Introduction
The data model describes UTA's approach for organizing its core business entities in a graph database.
Our goal is to be collectively exhaustive in modeling not only the people and organizations with which UTA interacts, but the relationships between those people and organizations.
Our desired outcomes are to:
- enable our business to answer a large class of the questions it asks, not only for day-to-day operations but also to be prepared for M&A, legal, compliance, and regulatory questions
- create a foundation upon which integrated applications, both transactional and analytic, can be built
In Scope: The Party Domain
We are focused on a bounded context called the party domain.
A bounded context is a domain-driven design concept that describes a particular domain of interest.

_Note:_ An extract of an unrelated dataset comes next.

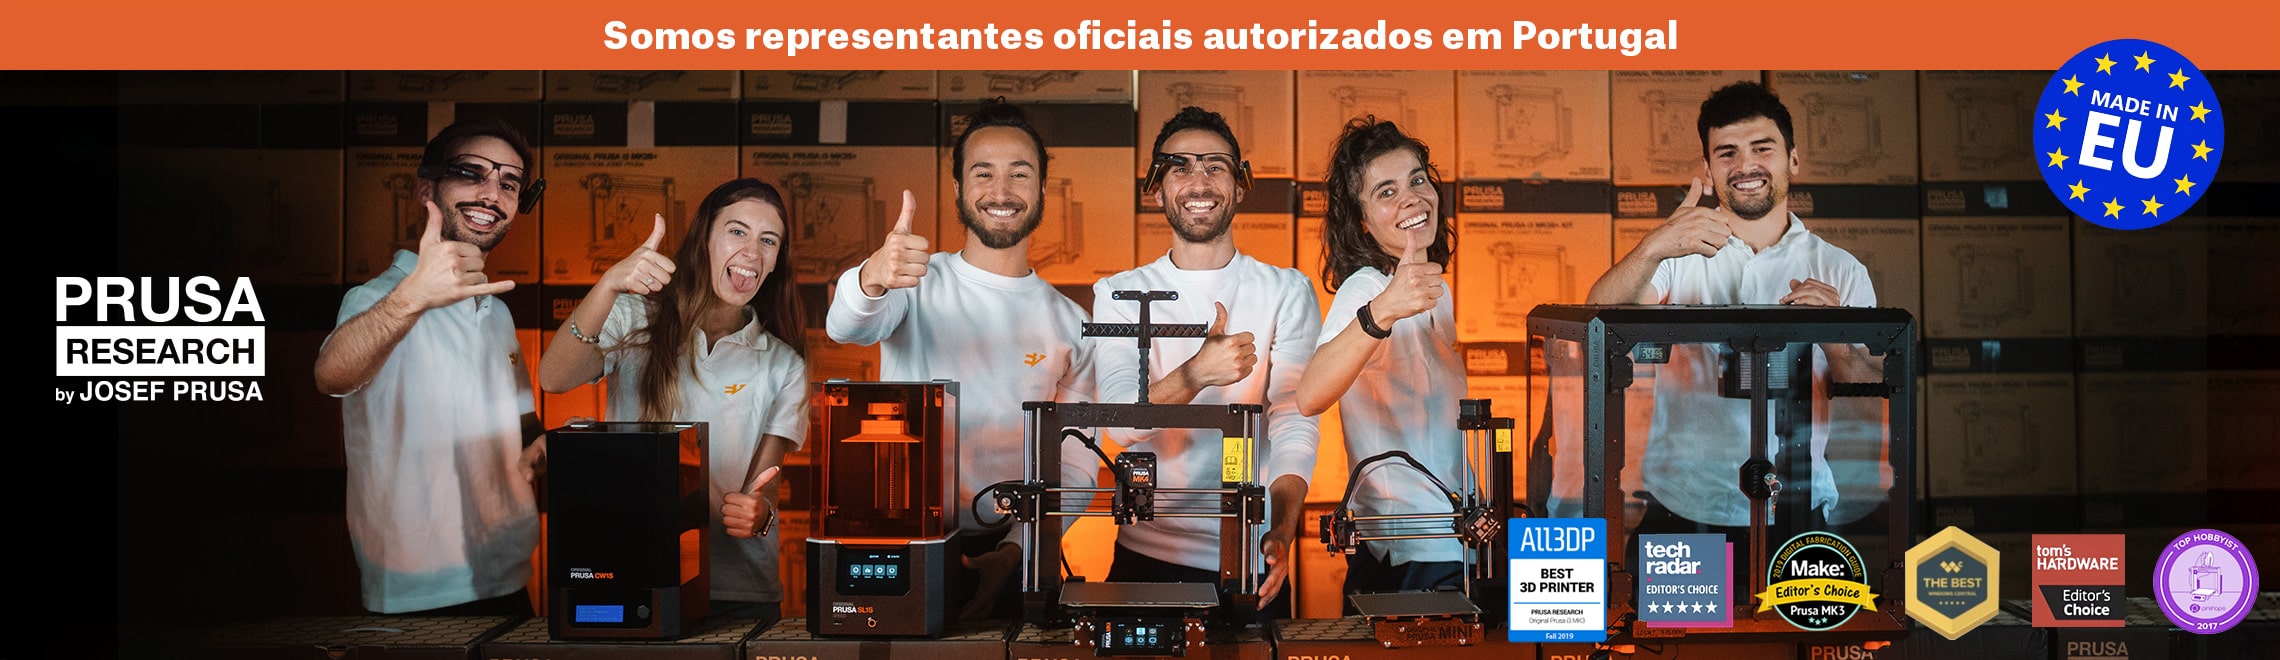 Banner da equipa evolt, revendedores da marca de impressão 3D PRUSA em Portugal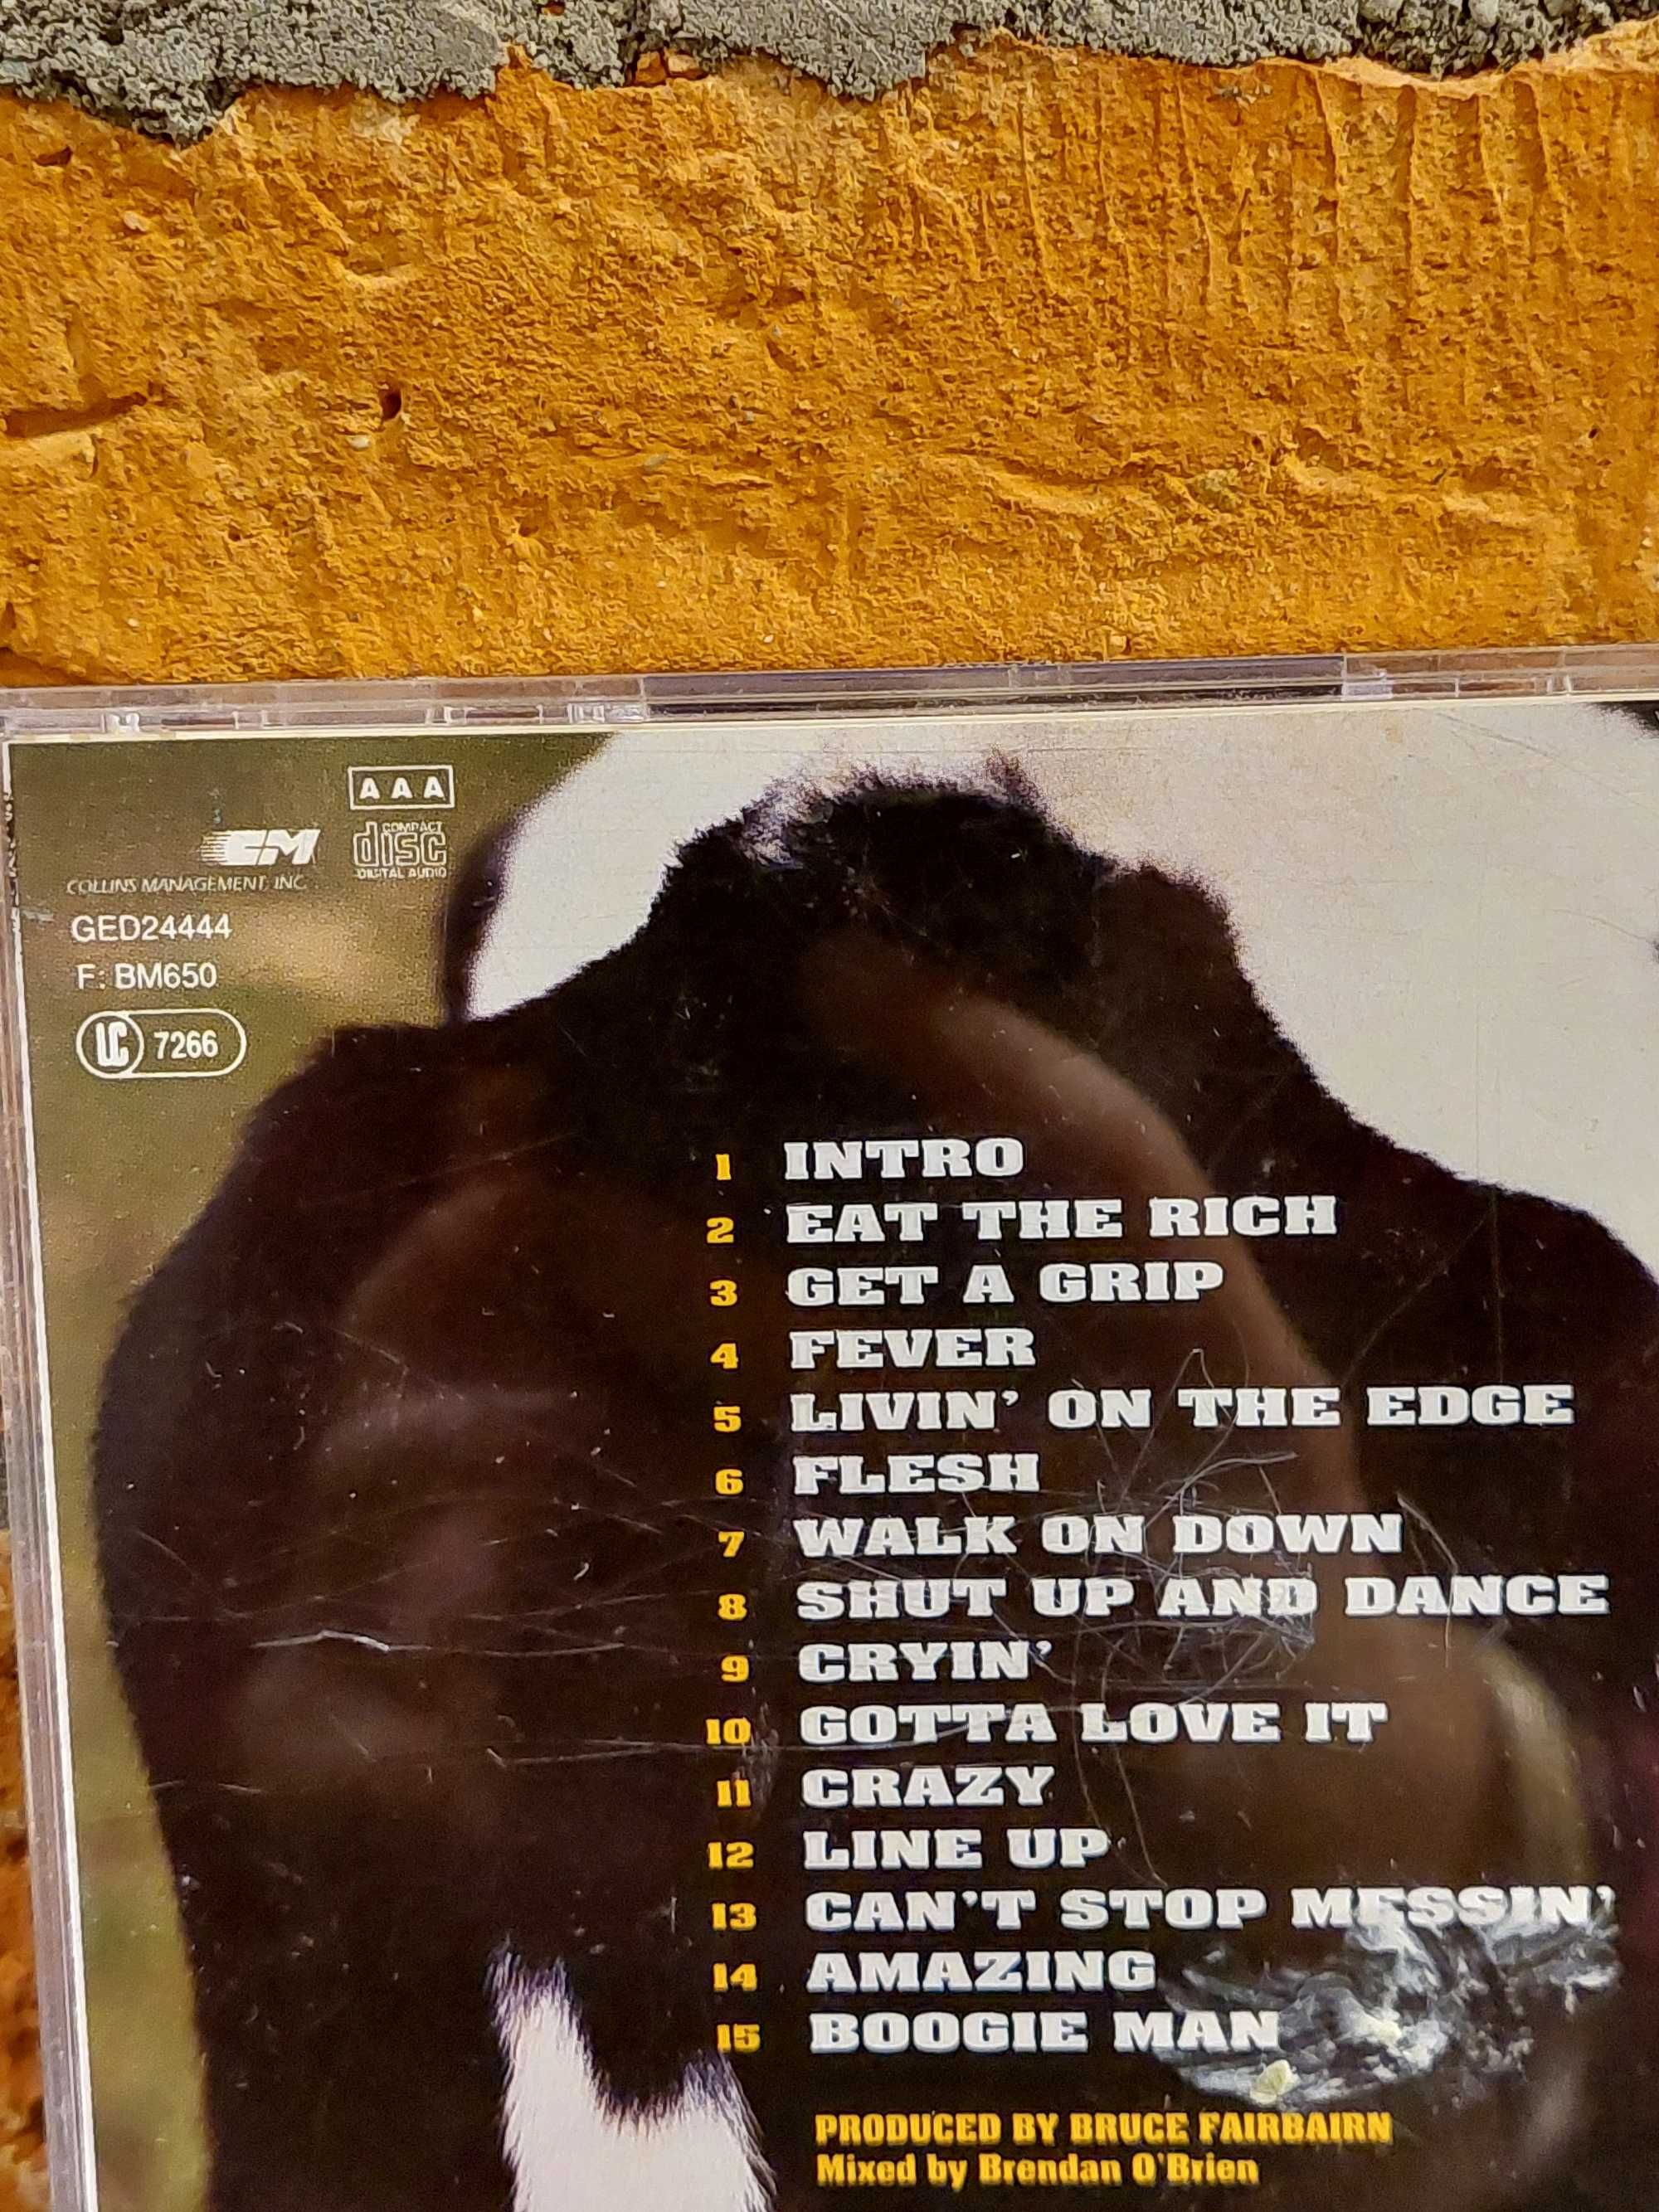 Płyta CD audio Aerosmith Get a Grip 1993 GED24444 orygina

The party domain concerns itself with operational (as opposed to analytic) data, and more specifically the roles and relationships between people and organizations of interest to UTA.
Out of Scope: CRM and Analytics
This party domain does not address important operational or analytic data domains, which may be referred to with names like project, engagement, deal, credits, or phonesheet todos. Similarly, the party domain does not address most CRM-like data such as activity, lead tracking, offers, or contracts.
Authoritative Data is an implementation of the party-role-relationship model in a graph database
The party model is a traditional approach which has been implemented across many domains, usually in a relational database environment.
Our experience building a party, party role, and party relationship schema in a relational database has shown us that what we were actually building was a graph. For this design, instead of modeling the graph inside a relational database, UTA will use a graph database for modeling its authoritative data.
High level overview of the Authoritative Data graph model
We will introduce this graph model by building up the small number of core elements we use, one by one.
A graph consists of nodes and relationships.
Think of the nodes as the nouns of the model, and relationships as the verbs.
Central to the model is the party node, which is a person or organization. In graph data modeling, we draw the nodes as circles, so we will draw a party node like this:
One kind of party node ("noun") can represent an organization such as "Netflix," and another kind of party node ("noun") can represent a person such as "Ted Sarandos."
Party nodes are mostly simple, high level identifiers, without many attributes. What should be done to model the attributes associated with these parties?
We call any node that describes data attributes of a party a party data node. For example, an address node contains data about a particular party's address:
We will connect the Netflix party to its address node, and Ted Sarandos to Netflix, in a moment.
A second type of node that categorizes other nodes is called a party category node. We use category nodes to aggregate all the parties that belong to that particular category. An example category node would be Role (such as "Client" or "Buyer"). For example, a buyer category node might look like this:
Now we are ready to discuss how we can connect all these nodes together. We connect the nodes with relationships, which are the verbs of the model.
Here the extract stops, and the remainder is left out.